In this episode of Barrchives, Tristan discusses how dbt is adapting to support the evolving demands of today’s data ecosystems. He shares insights on how data teams can move beyond manual, repetitive tasks to create environments where data becomes a valuable, collaborative asset. From AI’s potential as an analytical “thought partner” to the emerging standards reshaping data access, Tristan explores the shifts making data infrastructure more adaptable and effective.

Tune in to hear Tristan’s thoughts on the future of data and how shared frameworks can drive faster, smarter insights—and read on for deeper analysis into five highlights from the episode.

AI as a Thought Partner: Shrinking the Gap Between Curiosity and Insight

“What is the distance between curiosity and result? And if you can shrink that time, then you can non-linearly change the outputs of any analytical system... You move even one level of abstraction up and AI becomes a thought partner. You start to be able to ask it not just what questions… you can ask it why questions.”

For analysts, AI as a “thought partner” allows them to approach data as a dialogue rather than a series of technical tasks. This reduces the lag between asking questions and receiving actionable insights, making it possible to engage in deeper real-time analysis. The ability to explore the “why” opens opportunities to explore patterns, anomalies, and root causes in data.

Open Table Formats: A Path to Seamless Data Sharing

"I think the biggest thing happening in data right now is open table formats and the catalogs behind them. The fundamental shift here is that the total spend on data infrastructure has risen significantly… As spending and market division increase, teams often find themselves stuck on different sides of a company’s data infrastructure, with limited control over spending or collaboration. So the obvious solution becomes, ‘Why don’t we all store our data in S3 in a common format, so every platform can read from the same data?’

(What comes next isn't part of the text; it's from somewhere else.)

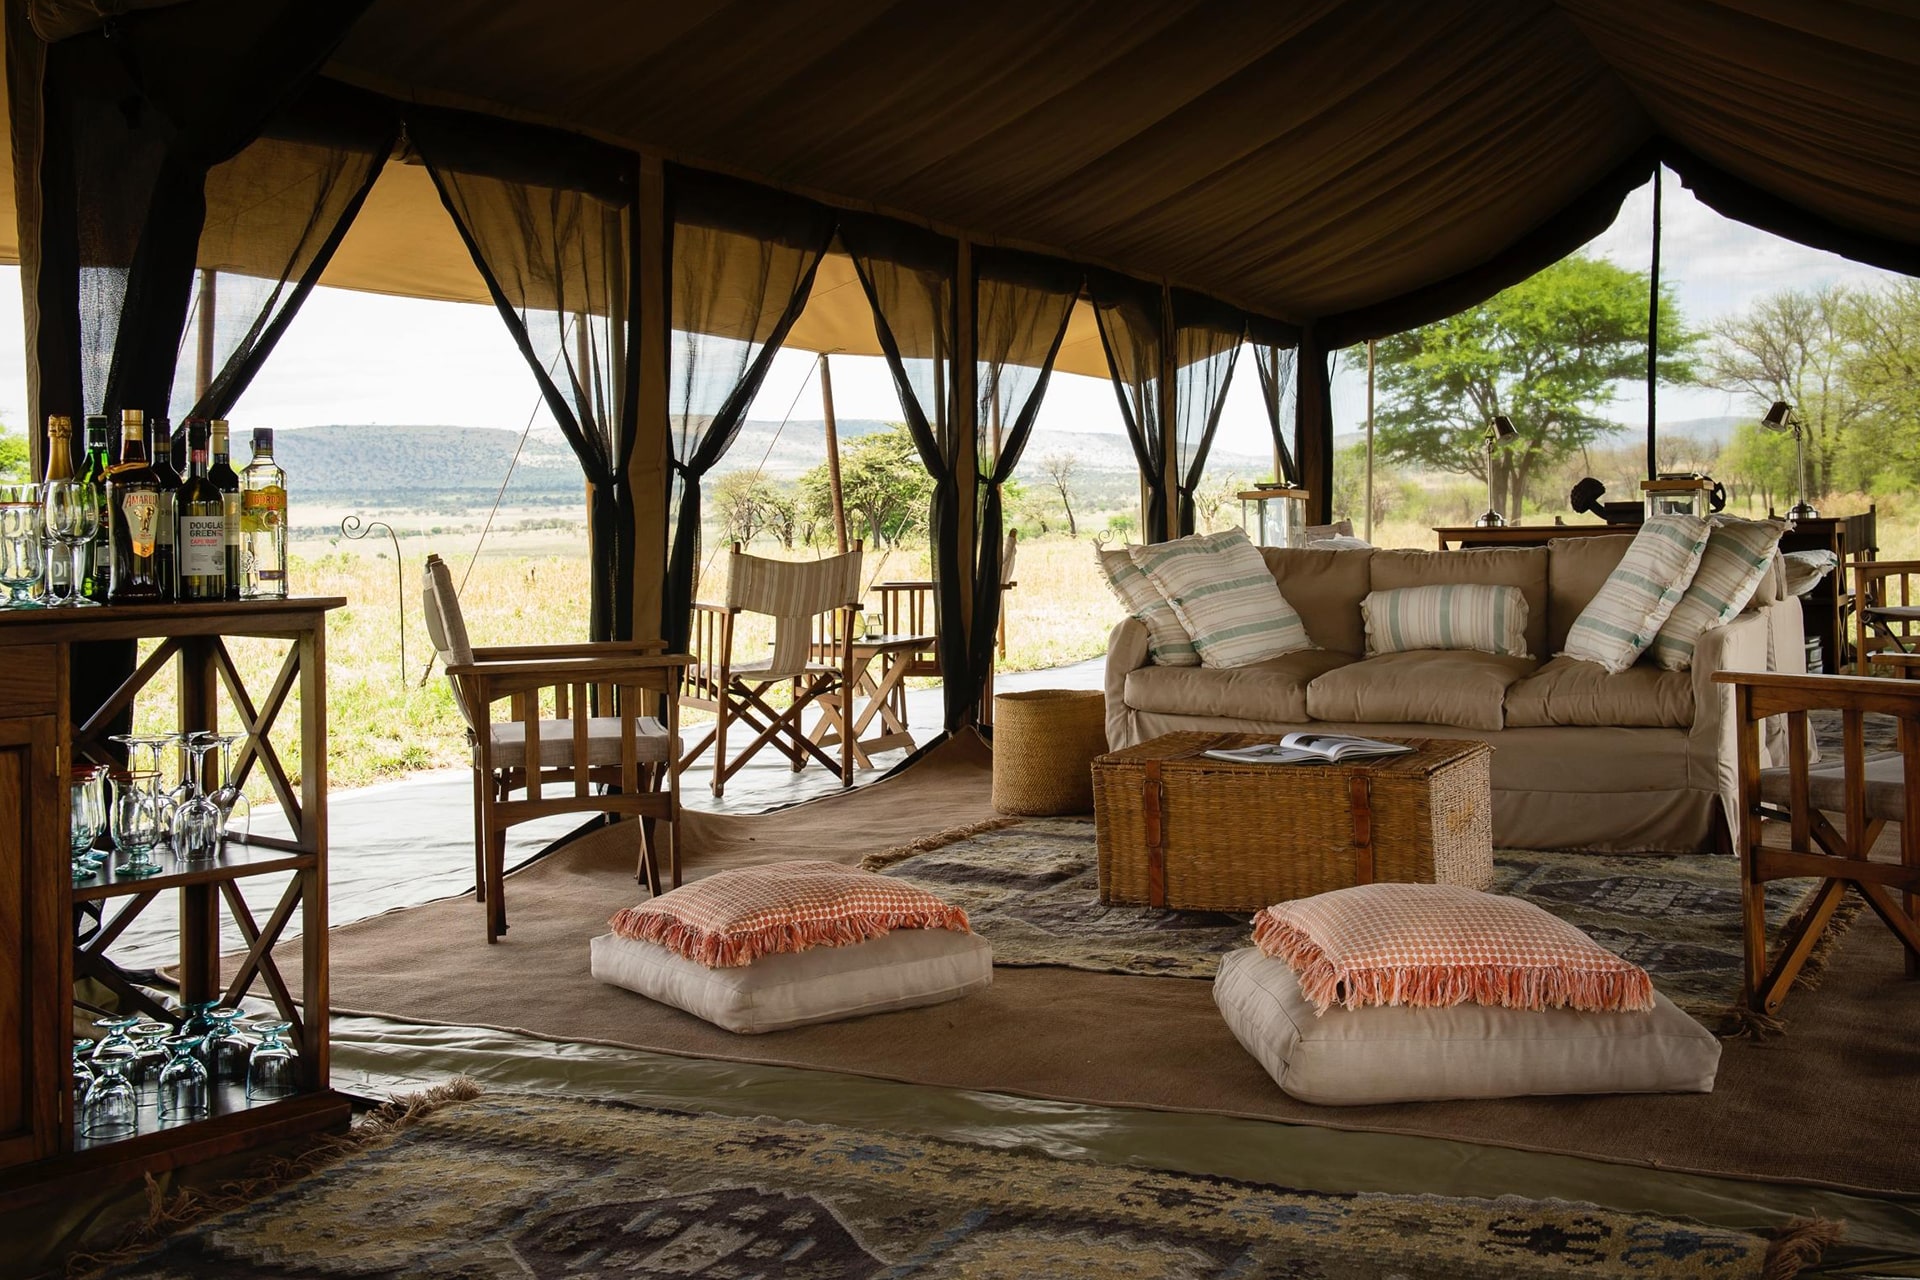 Tent interior at Nomad Serengeti Safari Camp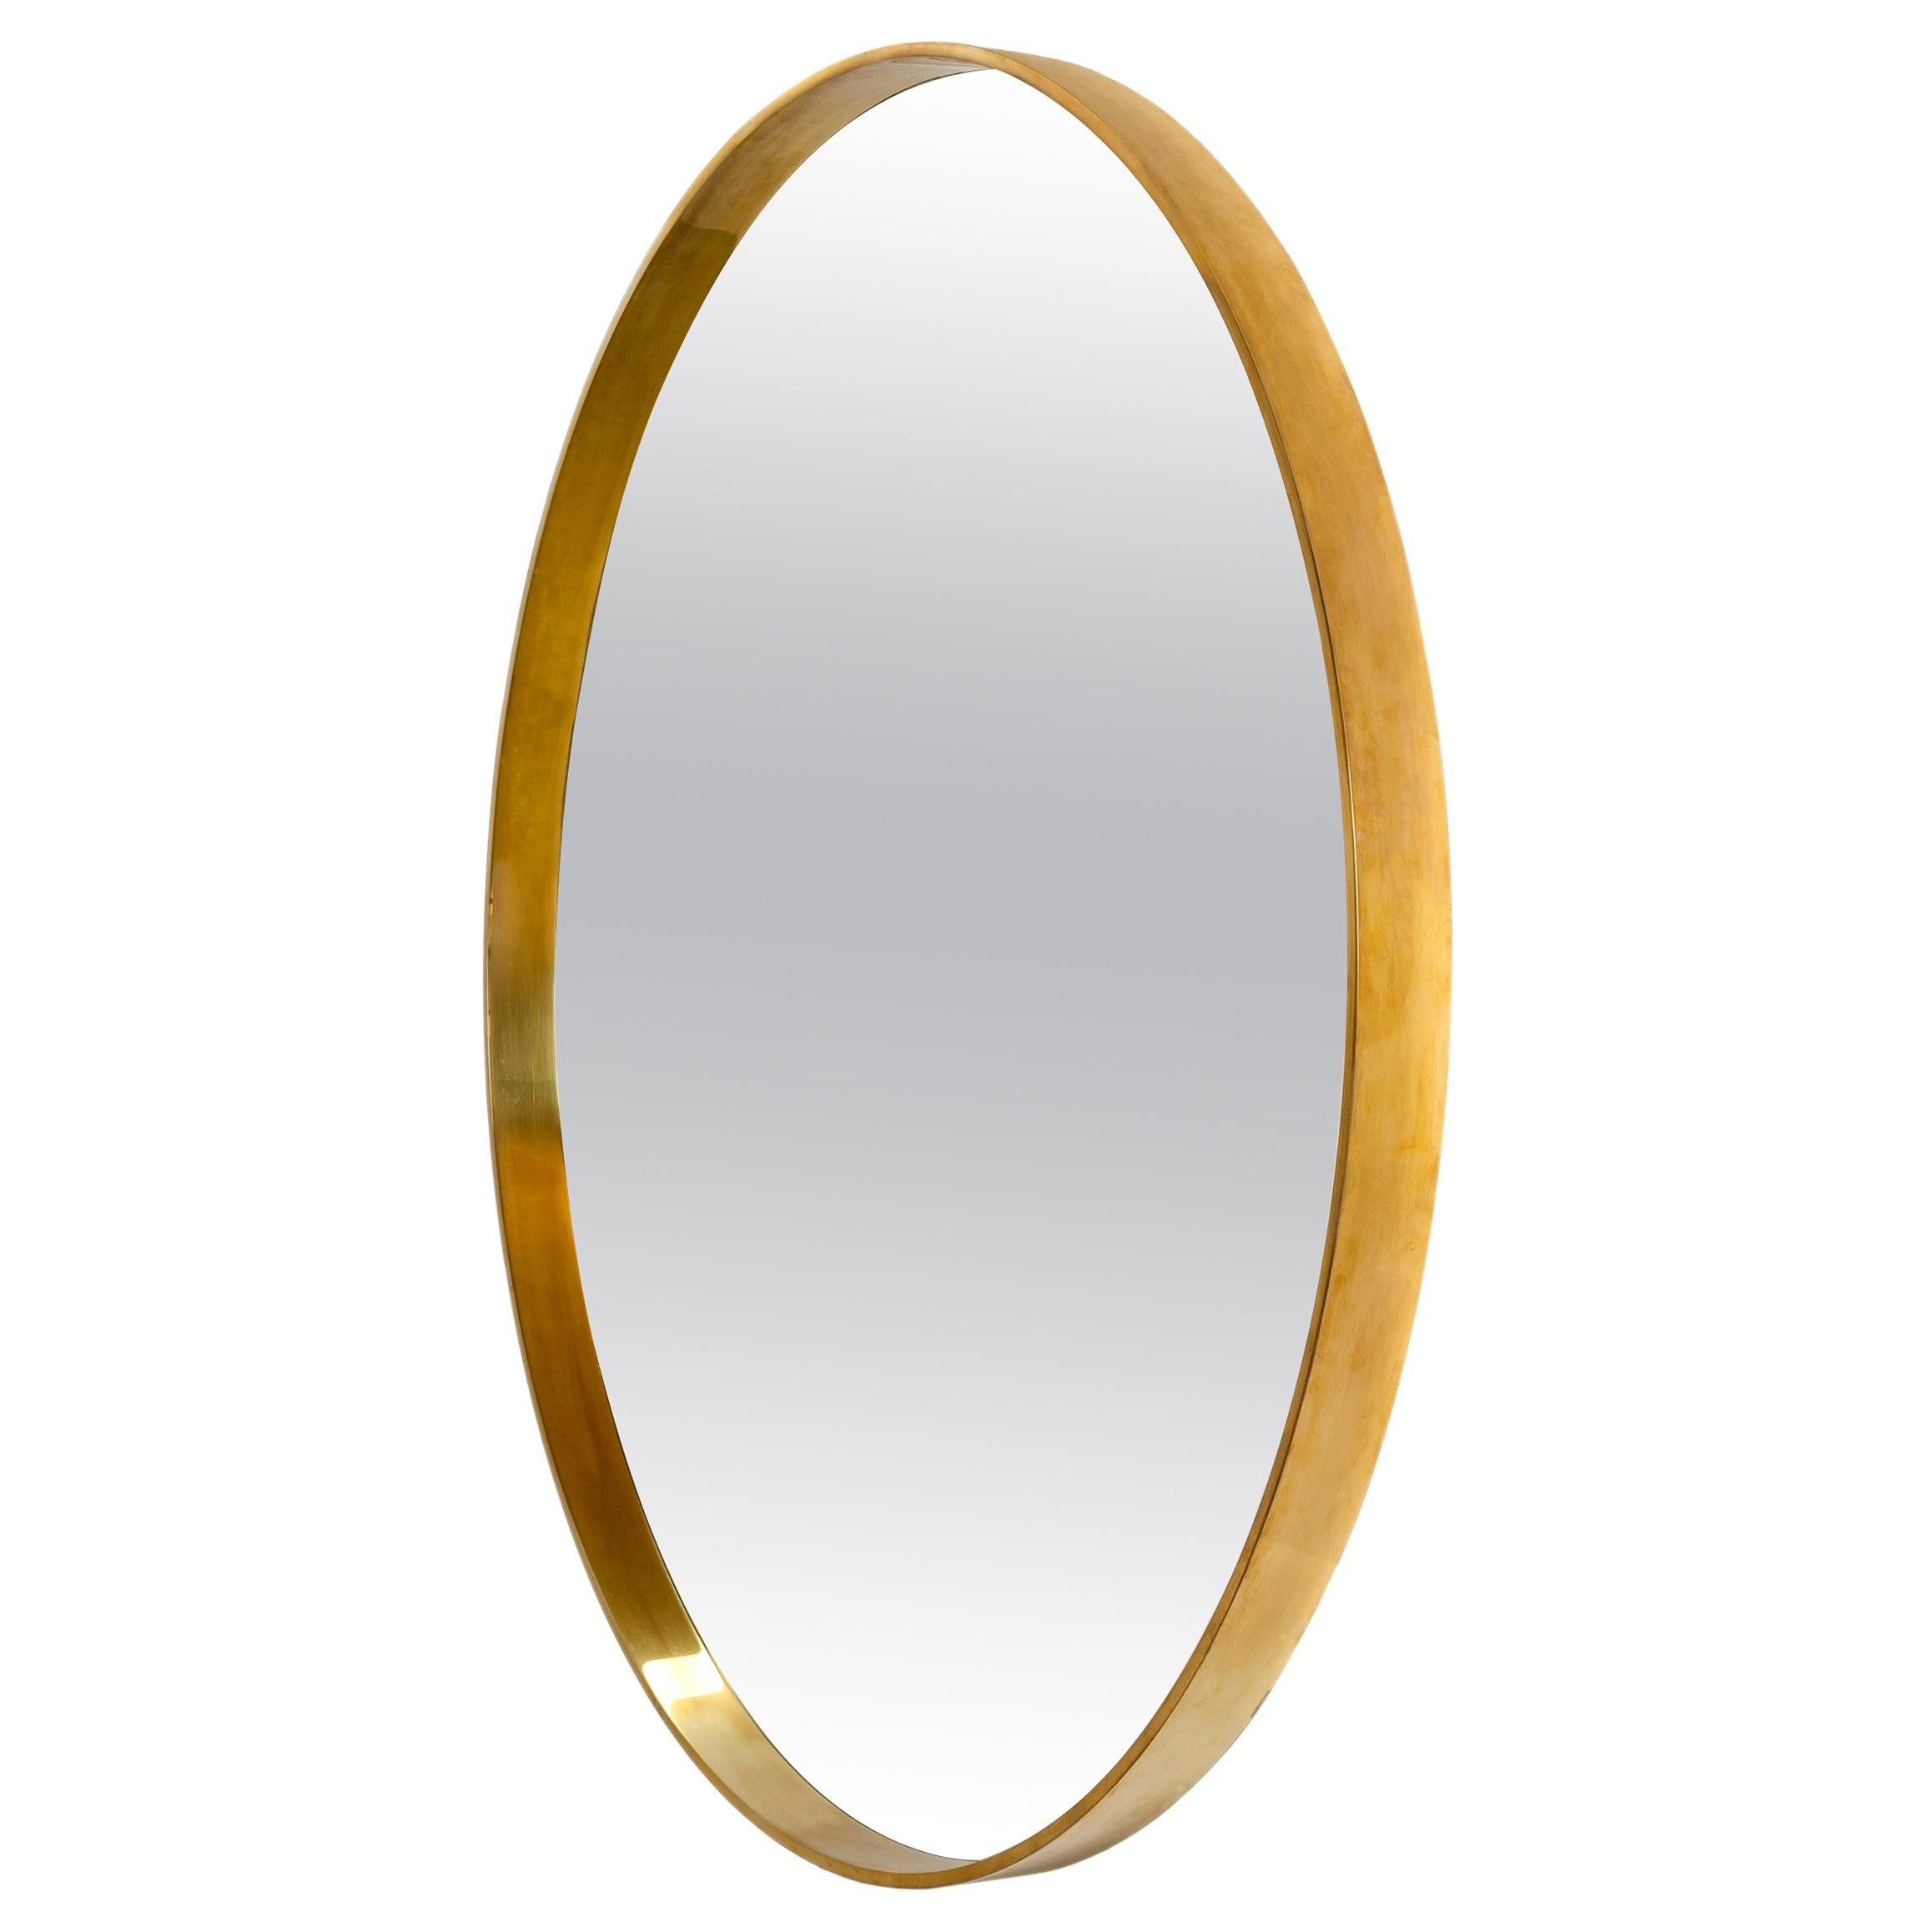 WYETH Original Round Mirror in Polished Bronze For Sale

Tristan believes that open data formats are the most interesting trend today in data; allowing every platform to read from the same data.

dbt’s Growing Role in Powering AI Workloads

"It's very hard for me to look at the top line numbers and say, this percentage of people are using dbt for this thing versus that thing... We did a survey early in the year and asked, does dbt power downstream AI workloads? There were two answers that were essentially yes—one was yes today, and the other was we will be in the next 12 months. So, the sum of those yes and yes in the near term was 55%, which I was quite surprised by.”

As dbt gains popularity, data engineers are applying it to feature engineering, a core step in machine learning, bridging the gap between traditional analytics and AI. This trend highlights dbt’s flexibility and appeal, not only for data transformation but also as a key component in preparing data for AI-driven insights. For data teams, dbt’s role in AI workloads opens up new possibilities, allowing them to manage both analytics and machine learning processes with one tool. This integration means more streamlined workflows, easier collaboration, and a consistent approach to data preparation across functions, making dbt a powerful ally in modern, AI-enabled data ecosystems.

The Challenge of Feeding Structured Data into AI Pipelines

“I've asked lots and lots of people who are at the center of this ecosystem, what is the right way to feed structured data into large language models? And by and large, the answers I get are quite unsophisticated... We've worked so hard to get this in the exact format, and then we have to take that and put it into English.”

The integration of structured data into AI systems remains a huge hurdle. Tristan highlights a frustrating industry trend—converting structured data into text before feeding it to AI models. This process not only adds unnecessary steps but also risks reducing the precision of the data, compromising its effectiveness in AI applications. For data practitioners, this underscores the need for AI models and tools that can work directly with structured data. Bypassing this forced transformation would allow AI systems to process data as-is, preserving its integrity and boosting accuracy.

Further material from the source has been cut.